TASK PROMPT: If a line in the records below contains the word "Black", copy it.

[SUPPLIED DATA — start]

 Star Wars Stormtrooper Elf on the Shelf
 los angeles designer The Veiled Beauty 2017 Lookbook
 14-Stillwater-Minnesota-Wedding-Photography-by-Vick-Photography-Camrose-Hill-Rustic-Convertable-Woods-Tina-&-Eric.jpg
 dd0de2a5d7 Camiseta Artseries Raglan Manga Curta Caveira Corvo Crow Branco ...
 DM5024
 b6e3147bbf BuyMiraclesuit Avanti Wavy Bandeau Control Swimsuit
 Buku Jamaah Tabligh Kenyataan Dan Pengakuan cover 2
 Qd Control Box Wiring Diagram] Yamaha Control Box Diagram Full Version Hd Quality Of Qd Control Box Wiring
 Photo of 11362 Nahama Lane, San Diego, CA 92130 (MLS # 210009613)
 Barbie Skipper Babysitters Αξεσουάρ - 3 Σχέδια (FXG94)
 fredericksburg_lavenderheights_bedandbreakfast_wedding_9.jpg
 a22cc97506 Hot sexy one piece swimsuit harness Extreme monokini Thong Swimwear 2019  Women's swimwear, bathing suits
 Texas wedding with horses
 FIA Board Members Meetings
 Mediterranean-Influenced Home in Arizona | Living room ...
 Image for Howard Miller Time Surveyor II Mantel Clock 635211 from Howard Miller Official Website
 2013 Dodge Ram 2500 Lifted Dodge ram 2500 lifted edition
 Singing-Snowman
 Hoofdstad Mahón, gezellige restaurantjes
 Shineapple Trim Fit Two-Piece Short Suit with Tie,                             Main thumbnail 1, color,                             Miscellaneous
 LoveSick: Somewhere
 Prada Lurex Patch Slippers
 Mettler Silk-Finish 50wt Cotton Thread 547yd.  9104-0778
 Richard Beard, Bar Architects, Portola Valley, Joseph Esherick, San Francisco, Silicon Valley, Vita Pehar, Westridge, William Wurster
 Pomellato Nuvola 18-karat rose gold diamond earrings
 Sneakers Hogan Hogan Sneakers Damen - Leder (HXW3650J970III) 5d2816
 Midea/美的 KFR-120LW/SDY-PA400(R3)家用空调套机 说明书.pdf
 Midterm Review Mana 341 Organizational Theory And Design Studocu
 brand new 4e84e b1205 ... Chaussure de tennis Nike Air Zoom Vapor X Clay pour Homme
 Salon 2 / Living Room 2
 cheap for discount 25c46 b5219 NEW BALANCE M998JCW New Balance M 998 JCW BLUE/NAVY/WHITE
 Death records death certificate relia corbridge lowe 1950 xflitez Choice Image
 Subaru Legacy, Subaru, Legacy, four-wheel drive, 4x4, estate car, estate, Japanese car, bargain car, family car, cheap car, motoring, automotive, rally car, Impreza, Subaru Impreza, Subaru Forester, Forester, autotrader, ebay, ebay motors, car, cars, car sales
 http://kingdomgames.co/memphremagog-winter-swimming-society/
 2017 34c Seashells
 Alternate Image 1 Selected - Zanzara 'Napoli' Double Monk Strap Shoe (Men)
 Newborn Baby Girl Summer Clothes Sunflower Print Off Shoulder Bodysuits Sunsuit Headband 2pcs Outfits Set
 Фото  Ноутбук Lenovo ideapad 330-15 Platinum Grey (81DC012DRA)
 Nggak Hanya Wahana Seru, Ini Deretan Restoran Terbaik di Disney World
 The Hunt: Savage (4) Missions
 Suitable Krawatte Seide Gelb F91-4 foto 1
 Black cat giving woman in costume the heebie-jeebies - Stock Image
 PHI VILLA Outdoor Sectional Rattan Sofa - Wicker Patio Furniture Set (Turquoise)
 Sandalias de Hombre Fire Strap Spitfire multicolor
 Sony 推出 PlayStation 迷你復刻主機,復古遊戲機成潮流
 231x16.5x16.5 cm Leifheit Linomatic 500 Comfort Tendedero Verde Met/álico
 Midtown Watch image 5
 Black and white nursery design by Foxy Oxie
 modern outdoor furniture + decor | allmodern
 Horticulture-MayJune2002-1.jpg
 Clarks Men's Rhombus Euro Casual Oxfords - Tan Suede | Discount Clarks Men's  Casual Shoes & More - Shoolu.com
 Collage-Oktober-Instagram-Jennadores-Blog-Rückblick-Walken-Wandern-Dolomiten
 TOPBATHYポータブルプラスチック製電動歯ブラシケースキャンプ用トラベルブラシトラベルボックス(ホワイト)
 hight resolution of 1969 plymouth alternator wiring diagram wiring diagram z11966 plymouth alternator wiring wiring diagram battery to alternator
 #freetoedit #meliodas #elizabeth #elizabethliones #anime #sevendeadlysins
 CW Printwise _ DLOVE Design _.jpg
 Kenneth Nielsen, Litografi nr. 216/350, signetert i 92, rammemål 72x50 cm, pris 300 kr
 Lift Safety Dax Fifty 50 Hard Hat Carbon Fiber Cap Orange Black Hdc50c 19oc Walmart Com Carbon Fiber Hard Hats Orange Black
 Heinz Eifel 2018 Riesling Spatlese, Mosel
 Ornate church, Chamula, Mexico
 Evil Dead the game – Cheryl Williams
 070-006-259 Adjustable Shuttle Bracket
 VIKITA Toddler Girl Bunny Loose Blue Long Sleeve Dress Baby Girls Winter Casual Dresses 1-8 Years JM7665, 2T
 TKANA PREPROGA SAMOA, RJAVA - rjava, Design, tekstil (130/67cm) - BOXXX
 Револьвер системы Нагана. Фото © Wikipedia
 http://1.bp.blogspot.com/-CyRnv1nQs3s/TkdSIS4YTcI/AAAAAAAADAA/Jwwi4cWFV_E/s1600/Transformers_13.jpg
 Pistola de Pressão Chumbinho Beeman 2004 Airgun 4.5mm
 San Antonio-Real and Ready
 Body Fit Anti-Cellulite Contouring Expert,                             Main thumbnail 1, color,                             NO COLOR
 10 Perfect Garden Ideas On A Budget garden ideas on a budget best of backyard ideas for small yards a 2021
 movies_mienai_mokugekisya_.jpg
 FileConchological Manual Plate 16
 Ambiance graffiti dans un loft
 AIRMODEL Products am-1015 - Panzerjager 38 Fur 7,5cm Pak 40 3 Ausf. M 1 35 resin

[SUPPLIED DATA — finish]

REPLY:
 Black cat giving woman in costume the heebie-jeebies - Stock Image
 Black and white nursery design by Foxy Oxie
 Lift Safety Dax Fifty 50 Hard Hat Carbon Fiber Cap Orange Black Hdc50c 19oc Walmart Com Carbon Fiber Hard Hats Orange Black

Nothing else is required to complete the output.